I am trying to work with more samples now, so I tried using the default parameters for ‘-p-max-ee-f’ and ‘-p-max-ee-r’ and no trimming.
This are the parameters I used:
qiime dada2 denoise-paired
--i-demultiplexed-seqs trimpaired-demux-3.qza
--p-trim-left-f 0
--p-trim-left-r 0
--p-trunc-len-f 278
--p-trunc-len-r 204
--o-table table-3.qza
--o-representative-sequences rep-seqs-3.qza
--o-denoising-stats denoising-stats-3.qza
--verbose
This is the quality plots after cutadapt:

However, results are similar (low percentages of input non-chimeric) . And this time, the percentage of input merged also decreased.

Kind regards,
Joselyn

llenzi · September 2, 2020, 9:16am

Hi @Joselyn_Chicas,
thanks for clarify! The quality plots represent the quality distribution (for a certain position shown on the x-axis) as boxplot.
At the beginning of the sequences the quality values are so tight and close to each other that the plot is not showing the percentile rectangle! But this simply means that the quality are really good and no need to discard them (as long as you know that these are not adapter or PCR primer sequences!): so both '-p-trim-left' set to 0 make sense to me after the cutadapt step! (As opposite to the tail of the sequences where the quality is much more variable and the percentile rectangle is clearly visible).
This dataset looks a bit more representative of all your samples. But you are loosing some read overlap so you have less merged sequences. It seems to me that you are much strict on choosing the right trimming length than on choosing the left trimming length (278 vs 204), if you'd like to have the black rectangle above Q20 for the left sequences you may keep this criteria for the right sequences too, I would try 278 and 220 to keep more overlapping sequences.
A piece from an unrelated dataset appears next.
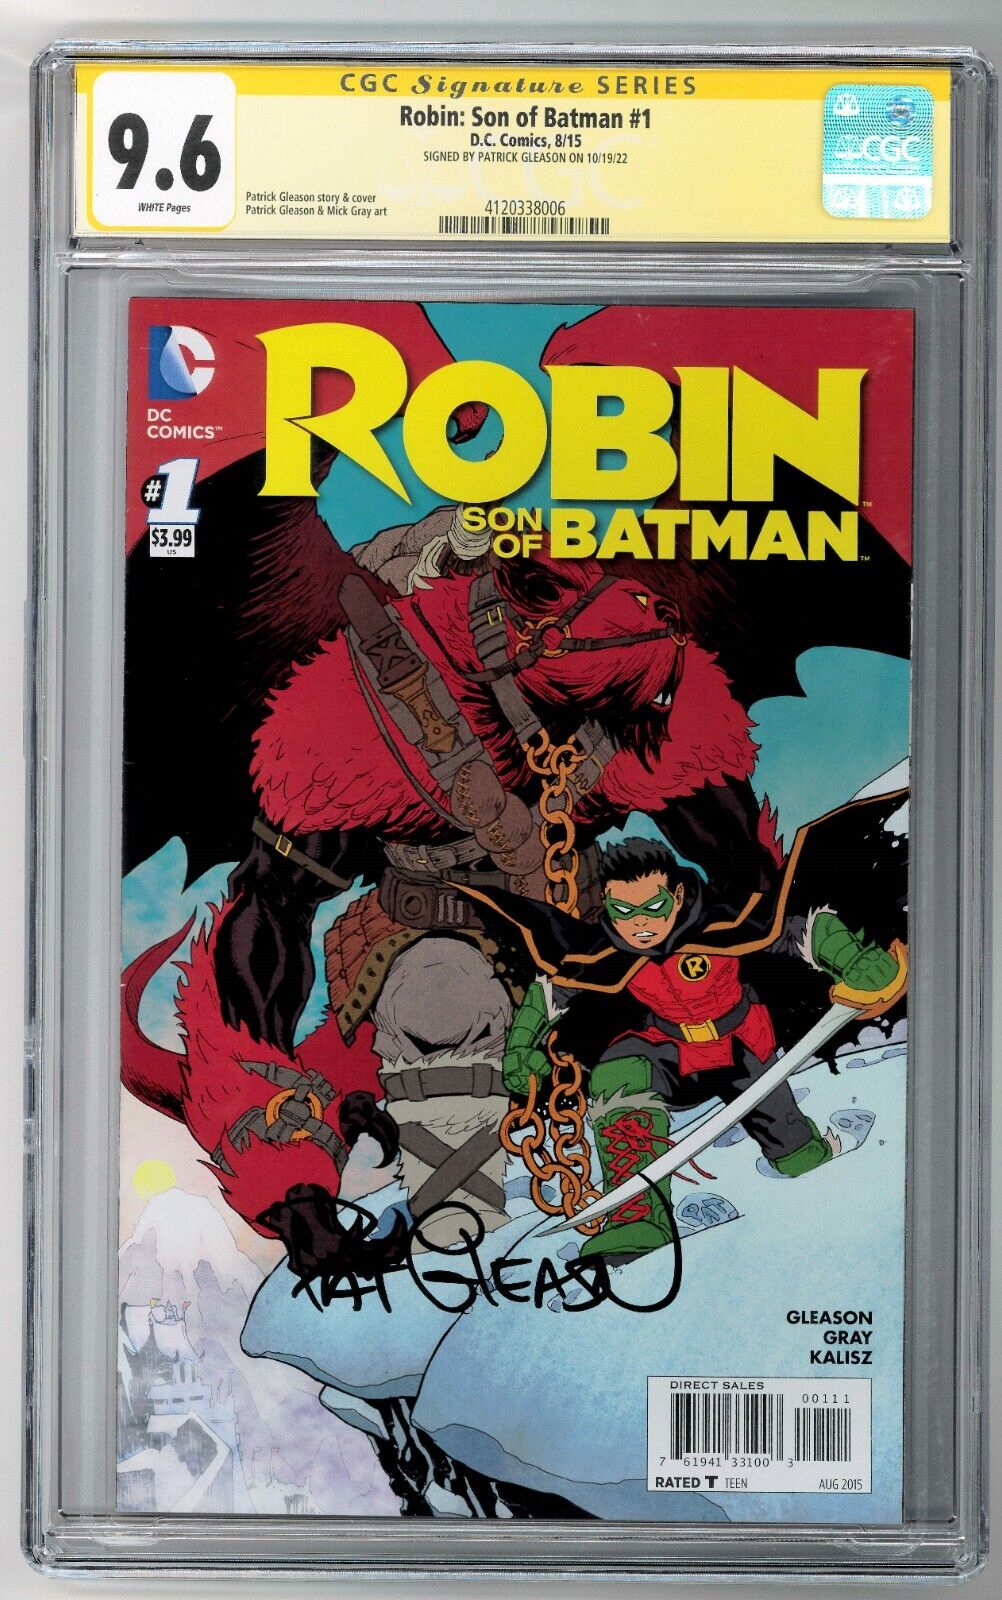 Robin: Son of Batman #1 CGC SS 9.6 (Aug 2015, DC) Signed by Patrick Gleason
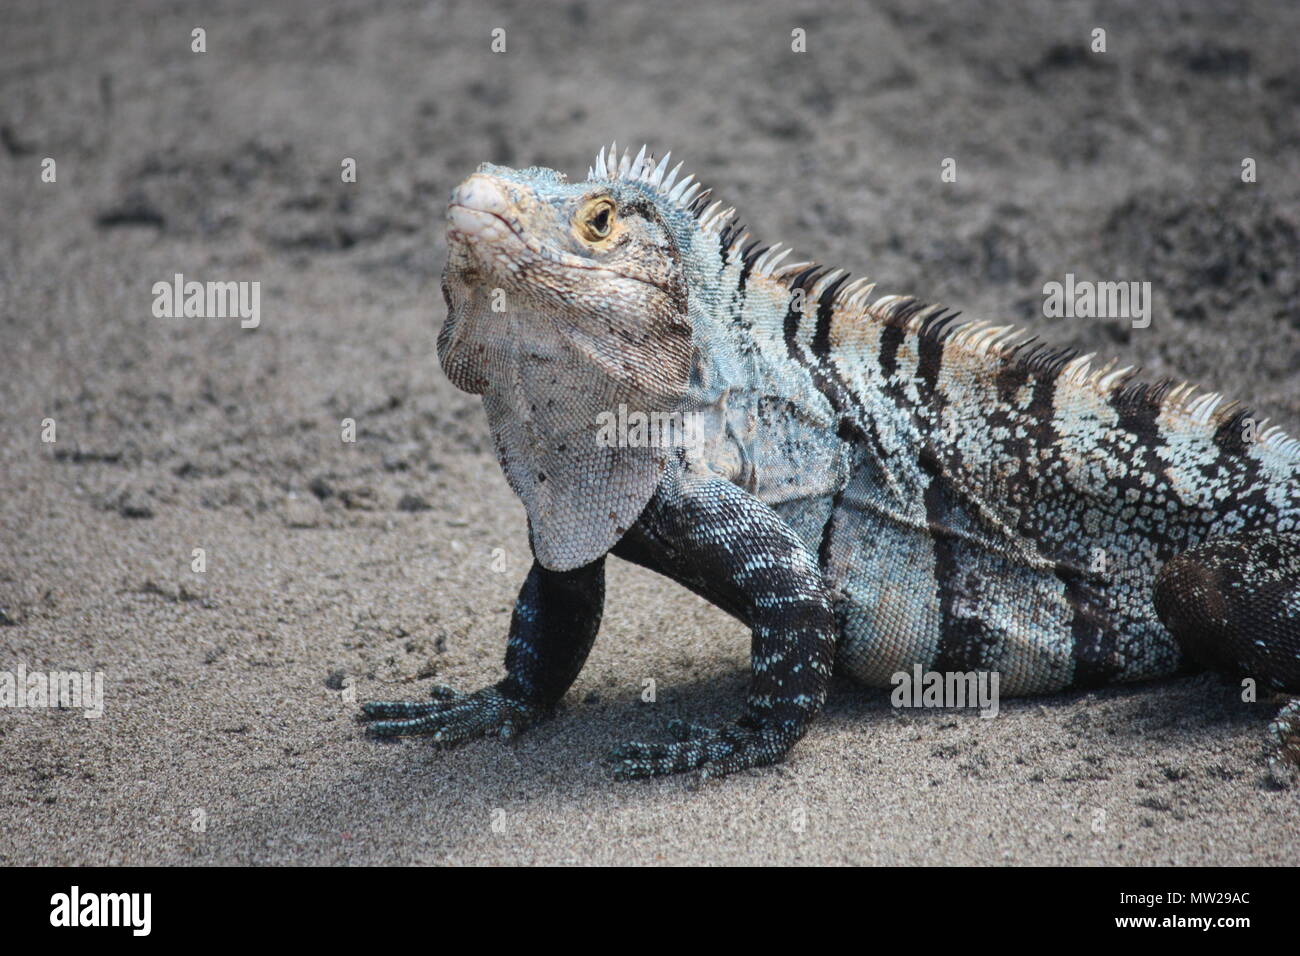 Iguana sitting on the beach Stock Photo

On the non-chimeric sequence percentage, it may be related to the lab preparation (but I am not a lab person really), or it may be part of what your samples are. However, once you are happy with your trimming settings, it may be worthy to go on with the analysis to see if there are enough sequences to get your aim despite the high-chimeric percentage. It is probably better to discard them asap rather then try to work with potentially wrong sequences.
As alternative approaches, you could try to use left read alone or denoise with deblur which may return different percentages.

Hope it make sense

system · October 3, 2020, 3:16pm

This topic was automatically closed 31 days after the last reply. New replies are no longer allowed.